Jacquie Shriver Gives the Scoop on Video Game Casting

Jacquie Shriver Gives the Scoop on Video Game Casting
Photo Source: Aaron Fallon

Jacquie Shriver has been casting some of PlayStation’s most popular games for more than seven years, drawing on her extensive expertise in voice and motion-capture casting.

What’s different about auditioning for motion capture?
Just standing on a mark and delivering lines or being very subtle with facial movements doesn’t really read as well with mo-cap. We need movement that can read in sensors, so it’s more of a theatrical audition than it is an on-camera audition.

How can actors prepare for a mo-cap audition?
Be prepared to mime and work completely within [your] imagination in the scene. Knowing just a little bit about [the game], like who the actors might be or if it has zombies in it or if it’s a shooting game, really helps us communicate. Asking questions also shows me that there’s interest in the project other than just coming in to get the part.

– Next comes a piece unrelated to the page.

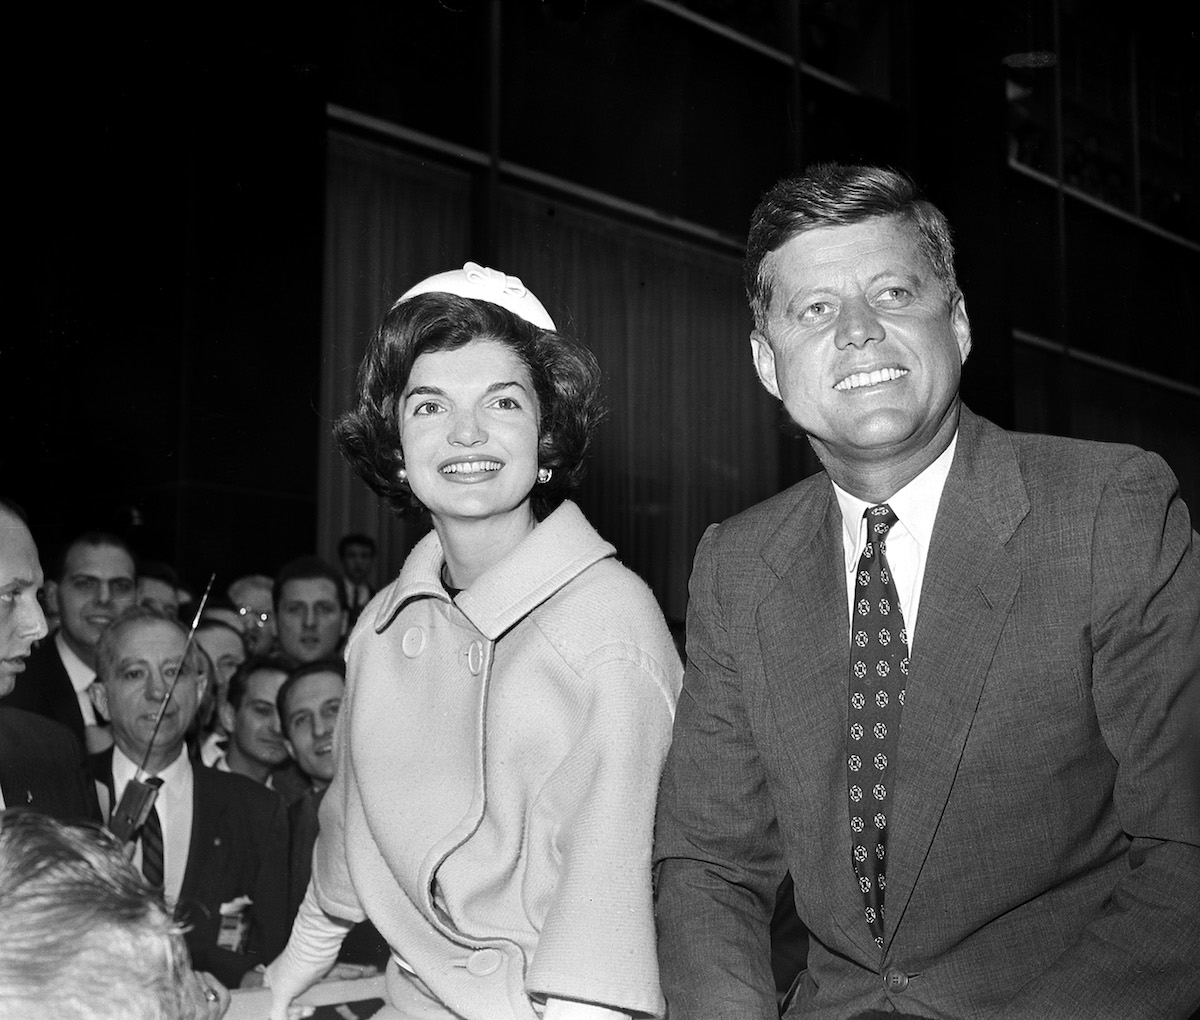 Πώς η Τζάκι πληρώθηκε με εκατομμύρια για να παριστάνει την τέλεια σύζυγο του JFK
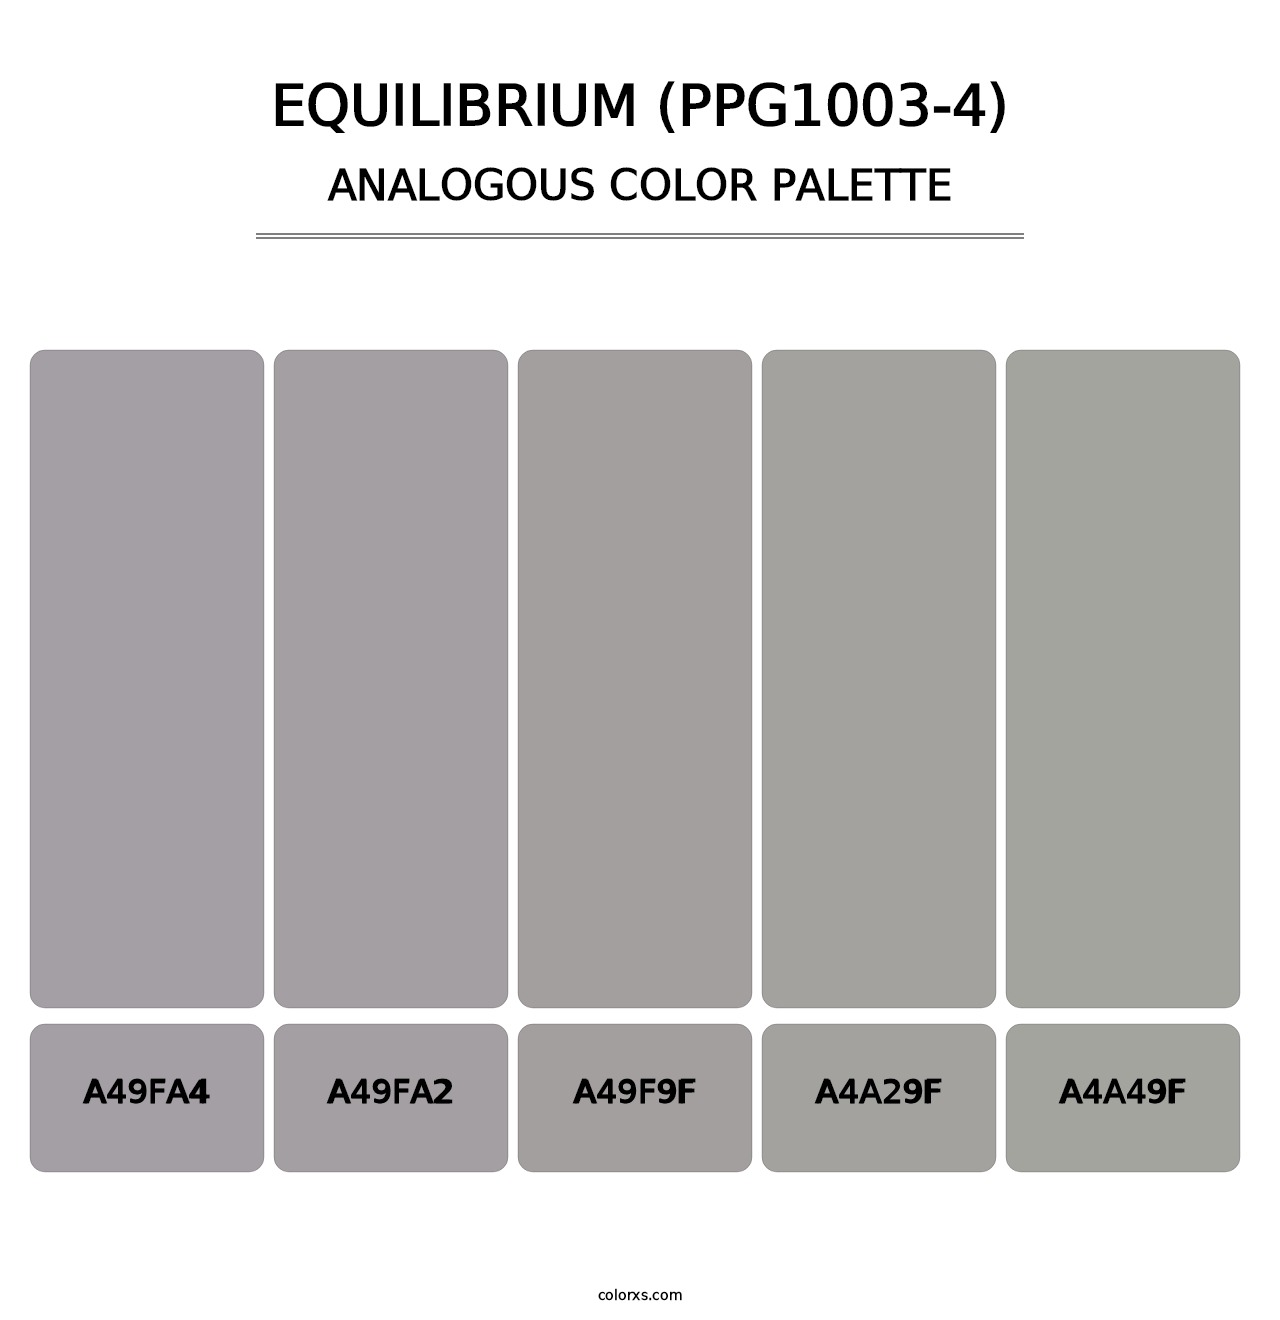 Equilibrium (PPG1003-4) - Analogous Color Palette

Sometimes we know exactly what the characters are supposed to be and we spend a lot of time looking for the right person, and other times we don’t know that much about the character and we’re relying on our talented actors to show us the way. I love seeing the character come to life and finding new aspects when an actor can embody it in just the right way.

Are you looking for any special skills on actors’ résumés?
An awful lot of video games require weapons handling, so I love seeing that. I like seeing some sort of voiceover on their résumé because even though motion capture is a lot more like theater, we do require our actors to be able to do voiceover quickly and efficiently.

What’s the audition process like? Do you cast from demos?
I need an on-camera demo and I need to know your height, because motion capture frequently has a lot of height restrictions based on the models we create on the back end. Your on-camera demo gives me the best idea of how you’re going to move. We usually actually hold [auditions] on the mo-cap stage, so we can see how people interact with a complete lack of anything to interact with. We’ll also probably do some isolated voiceover stuff. We also end up doing a few mechanical things on camera…having them walk, jog, and sometimes just walk with a weapon in their hands.

Is there anything that’s unique about the way the schedule works?
We’ll often shoot for a few days, two to five days, one time per month, over the course of about nine months. There are other projects that condense the schedule down if they’ve got everything figured out—they can shoot the entirety of the project over the course of like three weeks all at once—but that’s pretty rare. When we’re doing a mo-cap project, if it’s a main part, there’s probably going to be anywhere from 10 to 20 days of mo-cap shooting, but it could be spread over the course of a year.